Obfite opady deszczu, które we wtorek pojawiły się w Kołobrzegu, spowodowały mnóstwo utrudnień. Woda wdarła się między innymi do budynku szkoły. Jak stwierdził dyrektor placówki, przy każdej większej ulewie sytuacja się powtarza.
We wtorek w części kraju obowiązywały ostrzeżenia pierwszego stopnia przed intensywnymi opadami deszczu i silnym wiatrem.
W Kołobrzegu od rana padało. Od północy spadło prawie 60 l/mkw. Po południu sytuacja zaczęła się uspokajać.
Zalania w Kołobrzegu
Pierwsze informacje o podtopieniach kołobrzeska straż pożarna otrzymała we wtorek około godziny 11.30. To właśnie około godziny 11 deszcz padał najmocniej. Łącznie do wtorkowego popołudnia odnotowano około 40 interwencji. Dotyczyły one zalanych parkingów podziemnych, piwnic.
Utrudniony był dojazd do szpitala. - Działaliśmy głównie przy ulicy Łopuskiego, przy szpitalu - powiedział kapitan Krzysztof Azierski, rzecznik prasowy Komendy Powiatowej Państwowej Straży Pożarnej w Kołobrzegu. Dodał, że strażacy nie chcieli dopuścić do zalania budynków szpitala. Umożliwiali również dojazd pacjentom i pogotowiu do budynku.
Zalana szkoła
Znajdujące się w pobliżu szpitala liceum ogólnokształcące im. Mikołaja Kopernika również odczuło skutki padającego deszczu. Po raz drugi w krótkim odstępie czasowym doszło tam do podtopień najniższej kondygnacji budynku oraz piwnic.
- Zjawisko się powtarza w momencie, kiedy następuje gwałtowny opad. Kanalizacja deszczowa najpierw w ulicy Łopuskiego, potem w Śliwińskiego się napełnia i w efekcie z naszych kratek deszczowych ta woda pod dużym ciśnieniem wypływa. Szczególnie w tych najniższych partiach budynku - mówił Józef Skorupiński, dyrektor I LO im. Mikołaja Kopernika w Kołobrzegu. Dodał, że zalewane są szatnie, wejście do sali gimnastycznej.
- Udało nam się przy pomocy naszych pomp, naszych ludzi, ale i strażaków obronić de facto ten budynek. Zalane zostały tylko częściowo pomieszczenia - powiedział. Sytuację udało się opanować.
- Na szczęście ta ulewa nastąpiła w ciągu dnia, więc mieliśmy czas i szansę żeby właściwie zareagować - stwierdził dyrektor.

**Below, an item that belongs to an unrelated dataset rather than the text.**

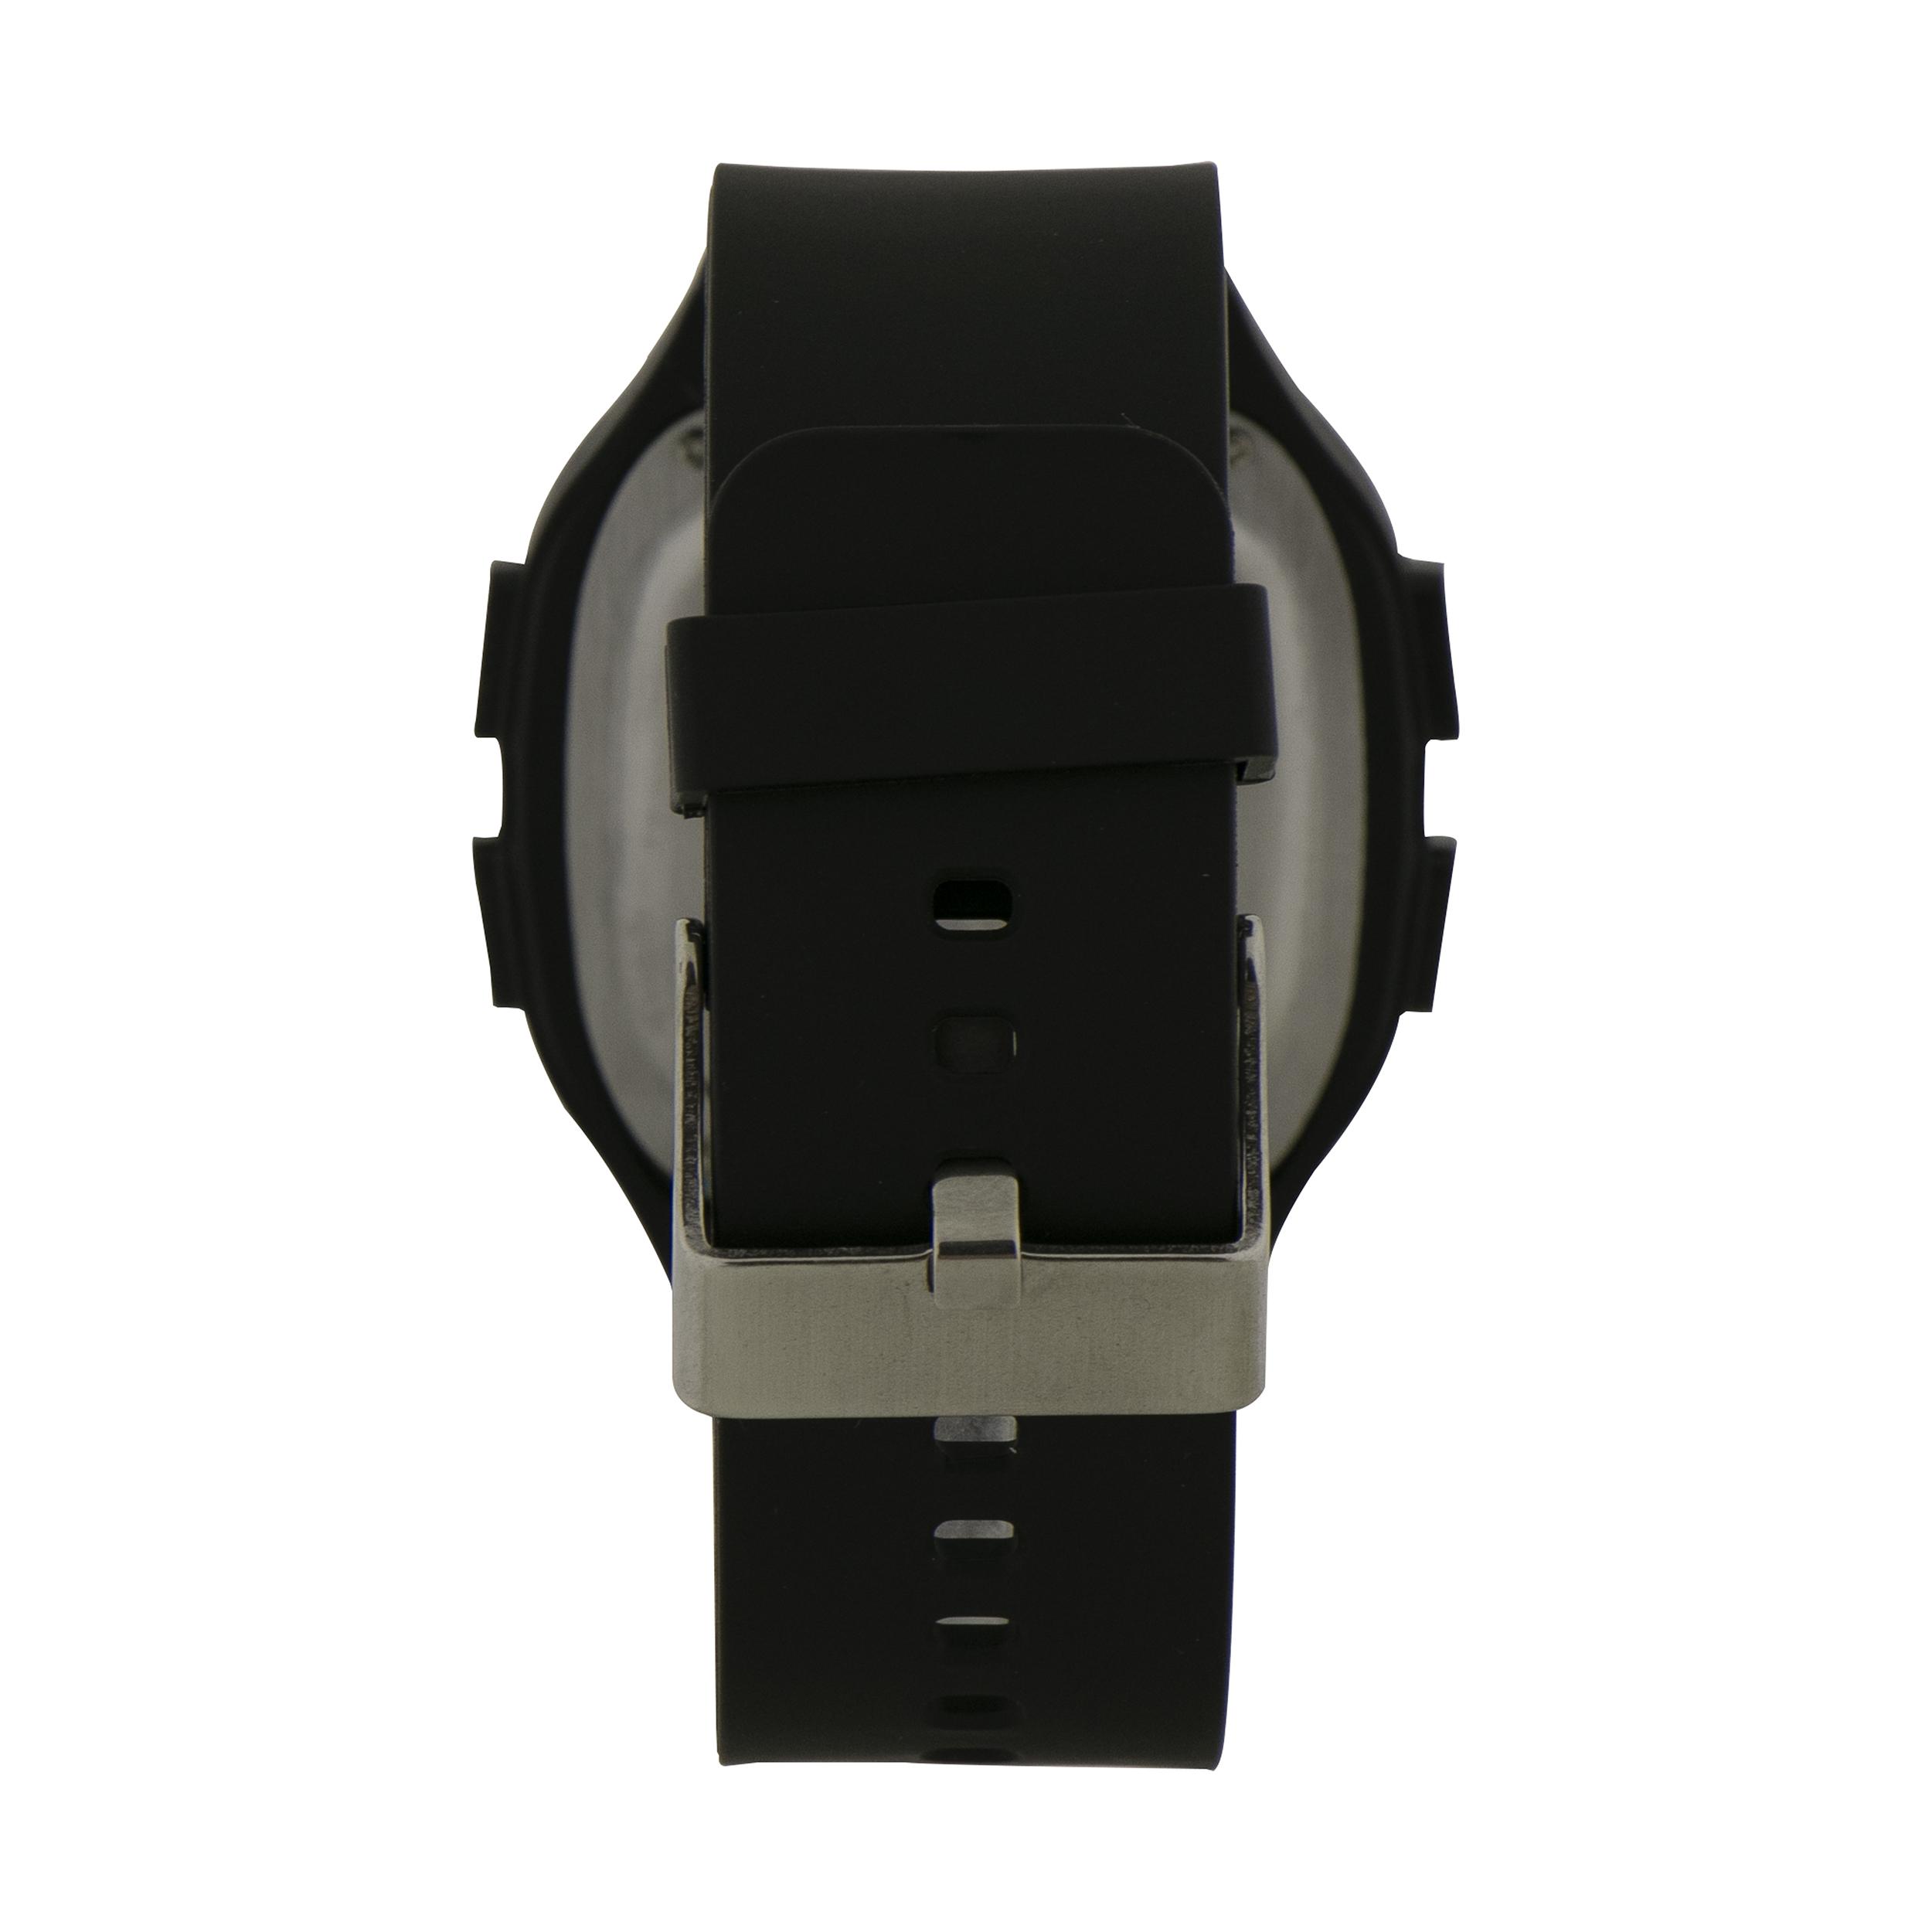 ساعت مچی دیجیتال مردانه پوما کد S20             قیمت

Jak dodał, podobne sytuacje zdarzają się od wielu lat.
- Każde takie wdarcie się wody, zalanie, skutkuje tym, że wilgoć wychodzi po jakimś czasie, ona jest rzeczywiście w murach, w posadzce, jeżeli są zalewane meble, to po jakimś czasie puchną, tynk odpada. Więc te straty ewidentnie są, tylko odłożone w czasie - powiedział Skorupiński.
Głos władz
Michał Kujaczyński, Rzecznik Prasowy Prezydenta Miasta Kołobrzeg zapowiedział, że istnieje sposób na rozwiązanie problemu. Miasto zamierza wybudować tak zwany kanał ulgi, który pomoże transportować wodę deszczową. Jak zapewnił Kujaczyński, wtorkowe opady były po prostu zbyt silne.
- Po prostu studzienki nie nadążały odprowadzać tej wody, która się zbierała. Studzienki są drożne, są czyszczone, są zadbane, jednak ta ilość wody, która spadła w tak krótkim czasie, spowodowała, że po prostu utworzyły się duże kałuże - mówił mężczyzna. - Kanalizacja deszczowa, która była kiedyś budowana, teraz bardzo często okazuje się niewystarczająca przy tak obfitych opadach deszczu, stąd też trzeba wspomagać separatory, które są zakopane w ziemi właśnie takimi kanałami ulgi, jaki tutaj zostanie taki wykonany - zapewnił.